Destination : 95 , Homo Nimes


Errance


Entre homonymes et hétéronymes il n'y a qu'un gène. Ici à Nîmes on est l'un ou l'autre, parfois les deux alternativement, quelquefois ni l'un ni l'autre. Mais chut, ne dites pas que je vous l'ai dit, on dirait de moi que je ne manque pas d'air. Il faut savoir se taire, comme un secret, taire.


A Nîmes nous y allions pour l'éther. Oui, celui qui endort, qui vous mets dans les vap's. Un drôle d'état d'où on ne revient jamais entier, ni entière, ni en tiers.
La Maison de Santé, à moins que ce ne soit les Franciscaines, je m'en souviens comme si c'était hier. D'abord, une cornette a tenté de m'arracher la tête, en voulant ôter ma robe sans la déboutonner. Une jolie robe que ma mère avait tricotée avec du cordonnet, un coton fin pour robe de printemps et corps frêle. Une bande jaune, une bande marron. A la taille un rang de trou-trou. Dessus-dessous, elle avait glissé la cordelière qui servait à froncer la jupe. Un pompon jaune, un pompon marron, chacun à un bout pour éviter que cette ceinture ne s'échappe des passants. Un noeud, une boucle. Un bouton pour le tour du cou. Bouton caché sous l'épaisseur de mes boucles brunes.
La soeur en cornette n'a pas eu ma tête, mais l'homme en blanc, avec une lumière sur le front et des mains pleines de pinces, poinçons, poignards, poulies - horribles outils, brillants, tintants, tranchants - a eu ce qu'il voulait. Je ne l'ai jamais revu. Elle non plus. Ce n'était pas des amis, que dalle.
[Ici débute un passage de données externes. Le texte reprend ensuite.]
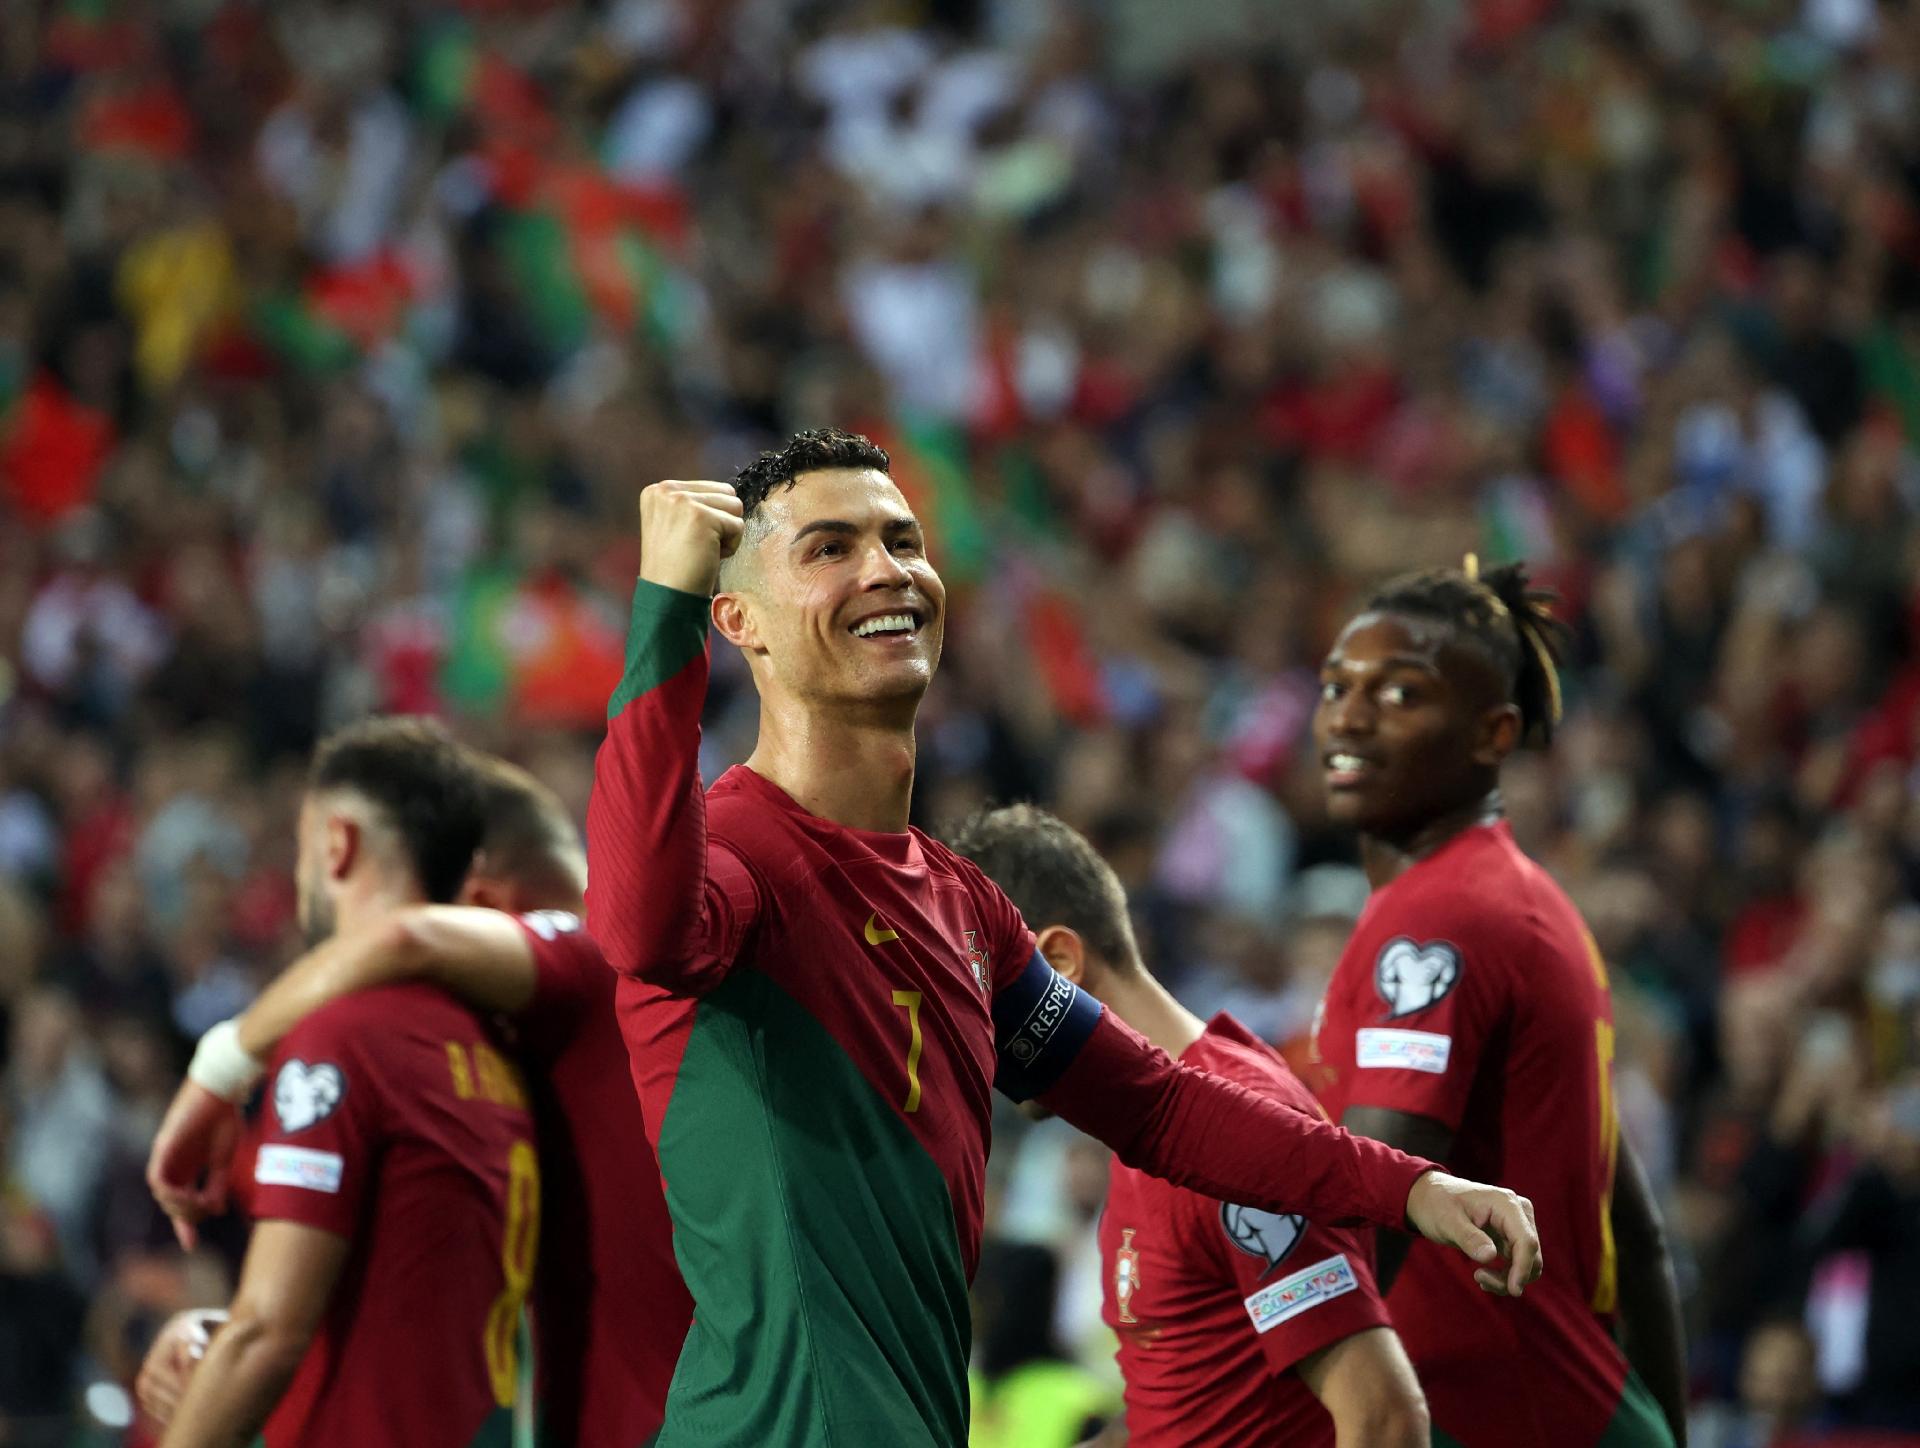 Cristiano Ronaldo brilha, e Portugal vence Eslováquia em jogo agitado

Entre homogène et hétérogène, il n'y a qu'un pas, à voir comment je me suis faite et défaite, dispersée et rassemblée, perdue et retrouvée, liée et libérée. Autant de conquêtes et de défaites.
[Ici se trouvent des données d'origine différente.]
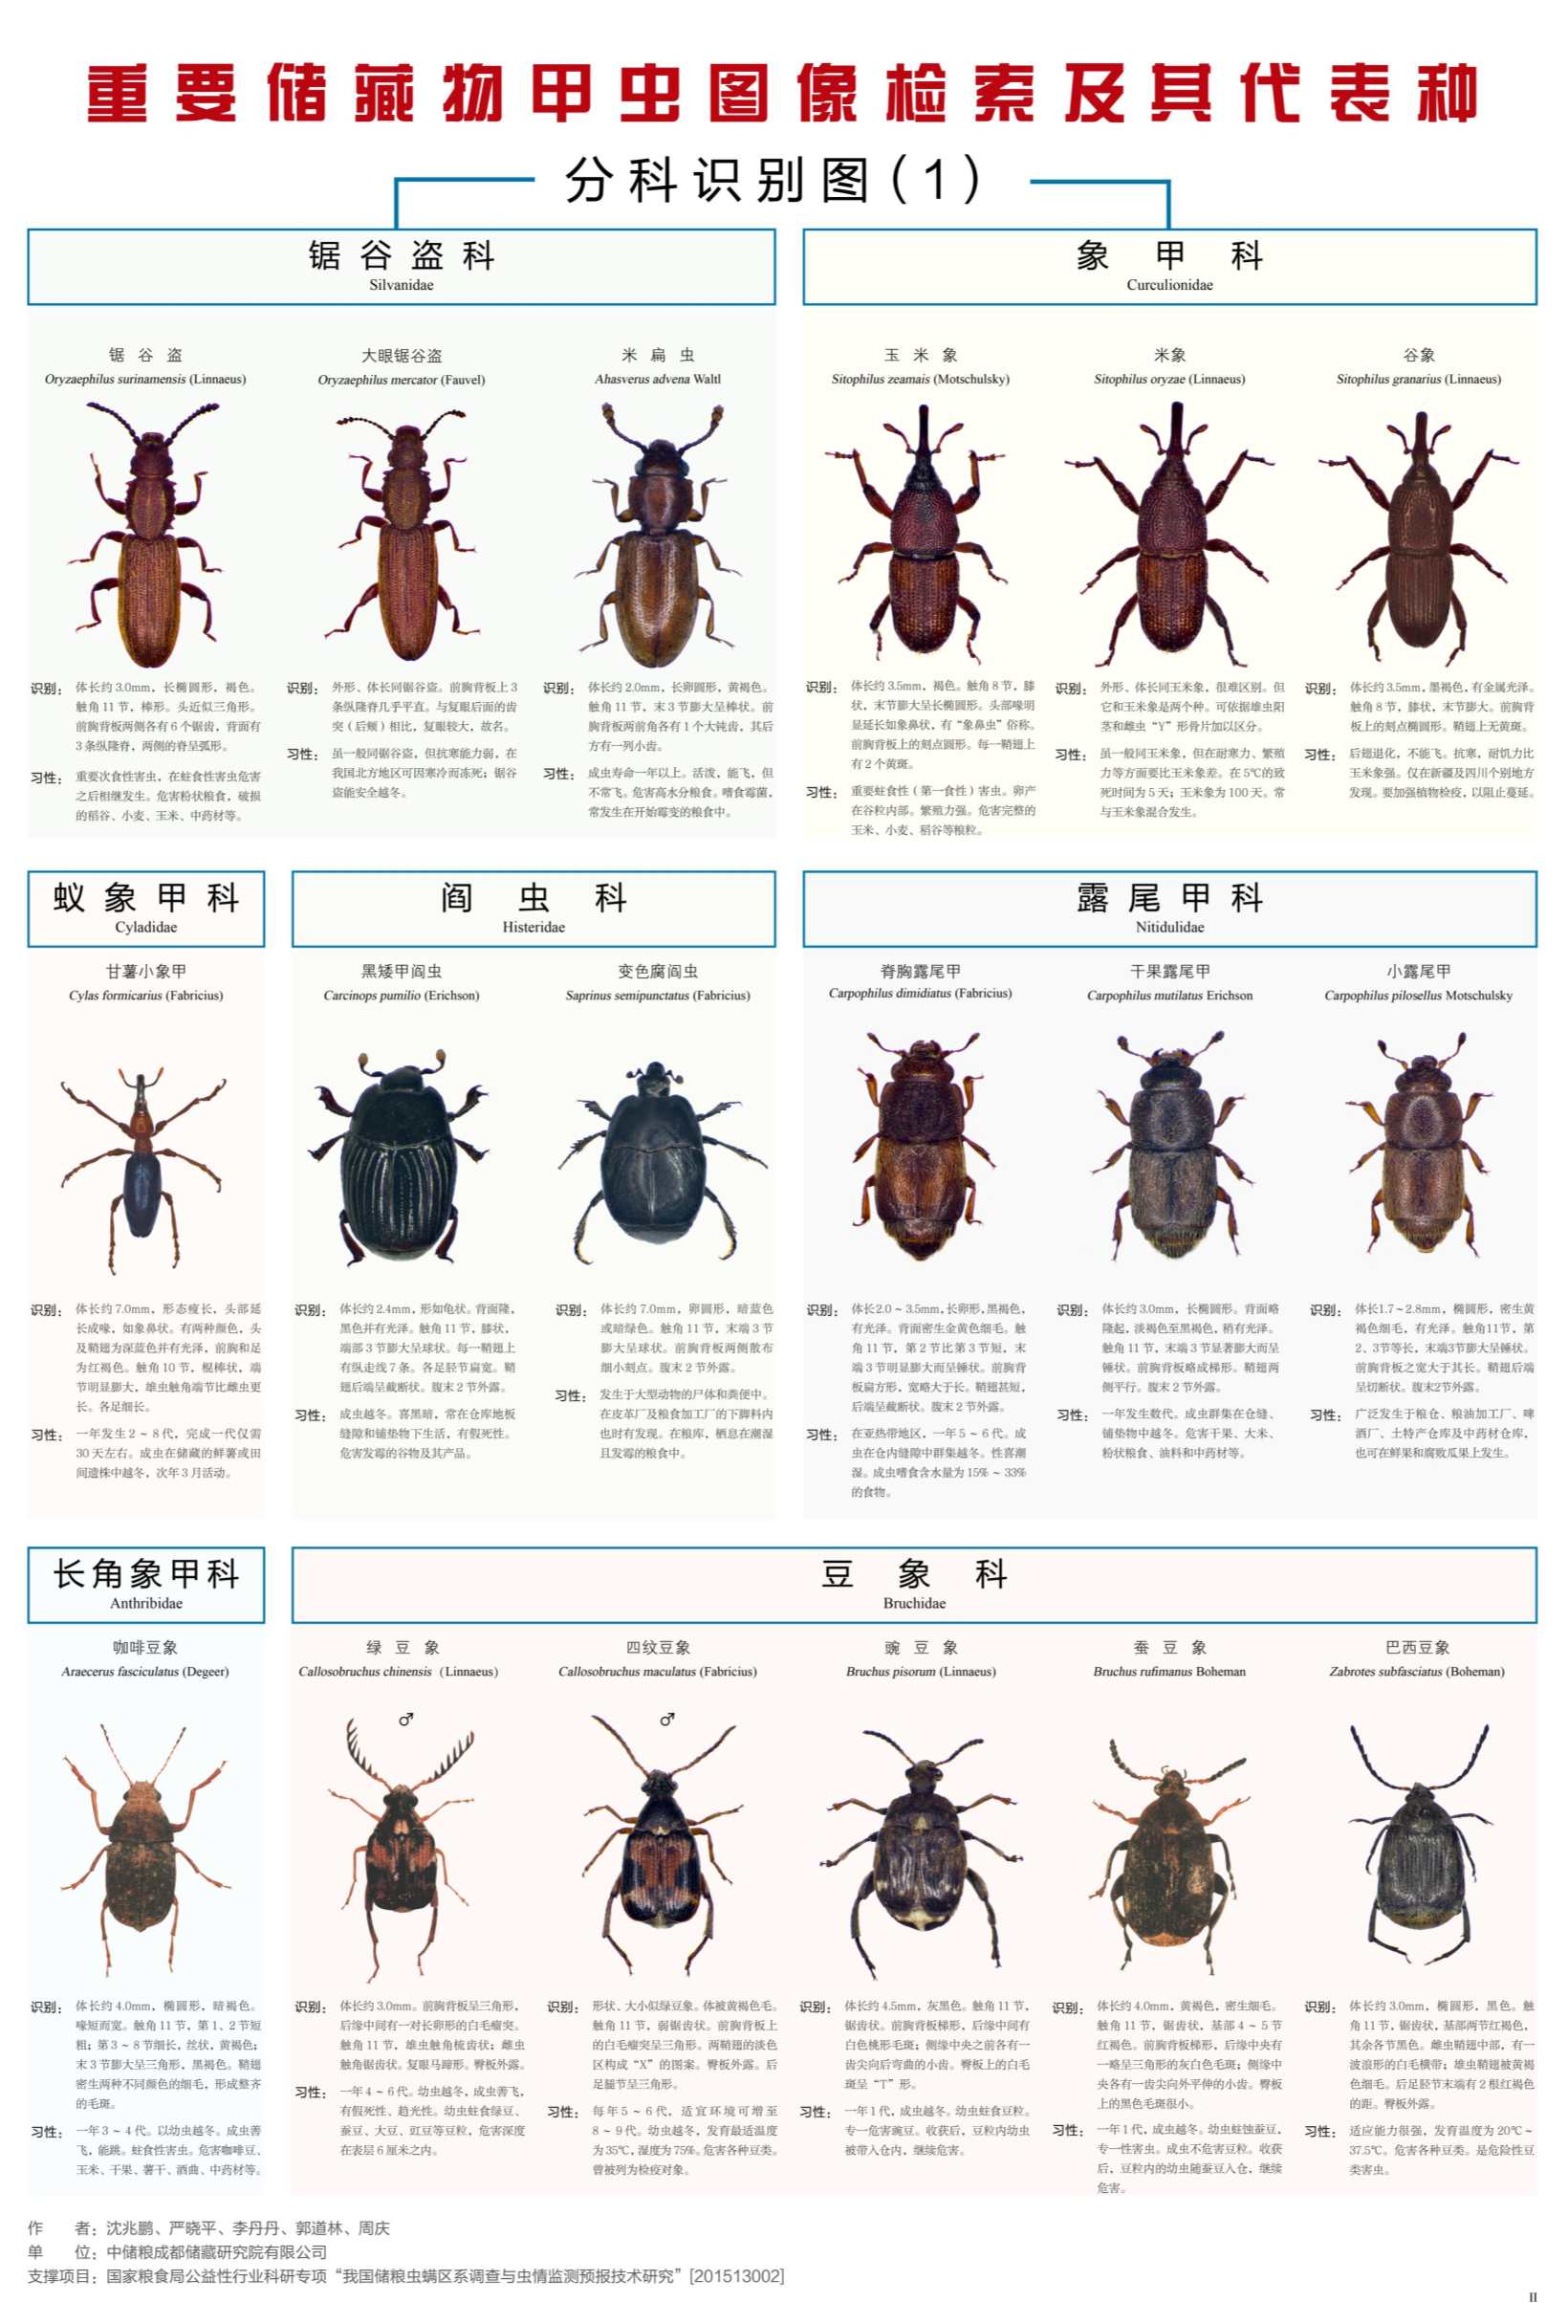 图文 《重要储藏物甲虫图像检索及其代表种》图谱_2_副本.jpg

C'est ainsi que j'ai atterri à Gênes. Au bord du golfe clair. C'est là que j'ai vu danser la mer et ma soeur et que j'ai valsé sans gène avec Dio et Erri, binôme de la gène éthique, en tête de la compétition du maniement de clubs de golf.
J'ai fait la fête et chanté avec toute la bande des golfeurs et du club des anti. J'ai levé mon verre et bu un coup à la santé des vainqueurs. Des coeurs à prendre, il y en avait vingt et cent. Le Quianti aidant. Amore ! amore !
La vie était belle, le vin d'Asti pétillait dans les yeux, le Lacrymachristi coulait sur les joues. Larmes de joie. Hélas j'ai vite déchanté. La mort a frappé, sans pitié. Mise en joue sur un anonyme, vingt ans à peine. Aveuglée que j'étais par les éclairs de soleil sur les vagues et les vapeurs du gaz lacrymogène, je n'ai pas vu l'arme pointée sur lui. Le coup est parti et moi aussi.

Ciao Bella ! qu'ils criaient tous et c'est le vague à l'âme que j'ai décollé vers un autre Etat, une destination vague sur cette terre où j'erre en vain, en boucles sans fin.